Required action »
Repeat every record exactly as given.

::: Data for processing :::

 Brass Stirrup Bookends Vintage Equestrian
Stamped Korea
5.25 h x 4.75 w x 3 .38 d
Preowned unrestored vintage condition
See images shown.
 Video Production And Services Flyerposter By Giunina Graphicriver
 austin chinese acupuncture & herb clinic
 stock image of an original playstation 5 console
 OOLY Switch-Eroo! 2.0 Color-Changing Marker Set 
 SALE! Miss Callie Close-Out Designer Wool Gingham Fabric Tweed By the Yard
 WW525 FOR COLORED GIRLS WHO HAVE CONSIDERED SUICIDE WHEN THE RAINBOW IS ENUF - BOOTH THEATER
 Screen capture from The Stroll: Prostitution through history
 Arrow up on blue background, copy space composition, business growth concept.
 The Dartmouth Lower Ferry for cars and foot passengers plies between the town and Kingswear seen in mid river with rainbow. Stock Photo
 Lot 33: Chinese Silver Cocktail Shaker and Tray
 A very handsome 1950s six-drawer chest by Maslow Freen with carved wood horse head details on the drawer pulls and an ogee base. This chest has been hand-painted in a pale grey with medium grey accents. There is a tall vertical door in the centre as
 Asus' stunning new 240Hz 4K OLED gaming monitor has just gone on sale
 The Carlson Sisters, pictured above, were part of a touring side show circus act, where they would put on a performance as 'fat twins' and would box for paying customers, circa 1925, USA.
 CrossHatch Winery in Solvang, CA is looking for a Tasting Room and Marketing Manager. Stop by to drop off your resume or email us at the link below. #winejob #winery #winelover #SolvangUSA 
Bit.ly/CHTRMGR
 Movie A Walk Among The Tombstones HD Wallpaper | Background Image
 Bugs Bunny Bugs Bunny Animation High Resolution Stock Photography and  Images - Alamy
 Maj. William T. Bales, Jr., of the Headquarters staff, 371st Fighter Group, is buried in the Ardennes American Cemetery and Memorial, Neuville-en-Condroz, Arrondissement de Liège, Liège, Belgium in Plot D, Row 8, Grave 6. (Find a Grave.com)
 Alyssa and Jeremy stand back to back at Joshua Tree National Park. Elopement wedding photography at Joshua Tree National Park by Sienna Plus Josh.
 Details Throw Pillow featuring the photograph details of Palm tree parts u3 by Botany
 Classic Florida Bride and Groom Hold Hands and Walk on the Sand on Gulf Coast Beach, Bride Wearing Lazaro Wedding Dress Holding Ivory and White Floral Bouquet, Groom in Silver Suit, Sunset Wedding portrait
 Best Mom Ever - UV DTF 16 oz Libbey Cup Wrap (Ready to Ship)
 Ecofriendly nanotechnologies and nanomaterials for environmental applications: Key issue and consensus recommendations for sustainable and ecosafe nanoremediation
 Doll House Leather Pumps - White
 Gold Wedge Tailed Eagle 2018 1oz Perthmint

:::

Exercise answer »
 Brass Stirrup Bookends Vintage Equestrian
Stamped Korea
5.25 h x 4.75 w x 3 .38 d
Preowned unrestored vintage condition
See images shown.
 Video Production And Services Flyerposter By Giunina Graphicriver
 austin chinese acupuncture & herb clinic
 stock image of an original playstation 5 console
 OOLY Switch-Eroo! 2.0 Color-Changing Marker Set 
 SALE! Miss Callie Close-Out Designer Wool Gingham Fabric Tweed By the Yard
 WW525 FOR COLORED GIRLS WHO HAVE CONSIDERED SUICIDE WHEN THE RAINBOW IS ENUF - BOOTH THEATER
 Screen capture from The Stroll: Prostitution through history
 Arrow up on blue background, copy space composition, business growth concept.
 The Dartmouth Lower Ferry for cars and foot passengers plies between the town and Kingswear seen in mid river with rainbow. Stock Photo
 Lot 33: Chinese Silver Cocktail Shaker and Tray
 A very handsome 1950s six-drawer chest by Maslow Freen with carved wood horse head details on the drawer pulls and an ogee base. This chest has been hand-painted in a pale grey with medium grey accents. There is a tall vertical door in the centre as
 Asus' stunning new 240Hz 4K OLED gaming monitor has just gone on sale
 The Carlson Sisters, pictured above, were part of a touring side show circus act, where they would put on a performance as 'fat twins' and would box for paying customers, circa 1925, USA.
 CrossHatch Winery in Solvang, CA is looking for a Tasting Room and Marketing Manager. Stop by to drop off your resume or email us at the link below. #winejob #winery #winelover #SolvangUSA 
Bit.ly/CHTRMGR
 Movie A Walk Among The Tombstones HD Wallpaper | Background Image
 Bugs Bunny Bugs Bunny Animation High Resolution Stock Photography and  Images - Alamy
 Maj. William T. Bales, Jr., of the Headquarters staff, 371st Fighter Group, is buried in the Ardennes American Cemetery and Memorial, Neuville-en-Condroz, Arrondissement de Liège, Liège, Belgium in Plot D, Row 8, Grave 6. (Find a Grave.com)
 Alyssa and Jeremy stand back to back at Joshua Tree National Park. Elopement wedding photography at Joshua Tree National Park by Sienna Plus Josh.
 Details Throw Pillow featuring the photograph details of Palm tree parts u3 by Botany
 Classic Florida Bride and Groom Hold Hands and Walk on the Sand on Gulf Coast Beach, Bride Wearing Lazaro Wedding Dress Holding Ivory and White Floral Bouquet, Groom in Silver Suit, Sunset Wedding portrait
 Best Mom Ever - UV DTF 16 oz Libbey Cup Wrap (Ready to Ship)
 Ecofriendly nanotechnologies and nanomaterials for environmental applications: Key issue and consensus recommendations for sustainable and ecosafe nanoremediation
 Doll House Leather Pumps - White
 Gold Wedge Tailed Eagle 2018 1oz Perthmint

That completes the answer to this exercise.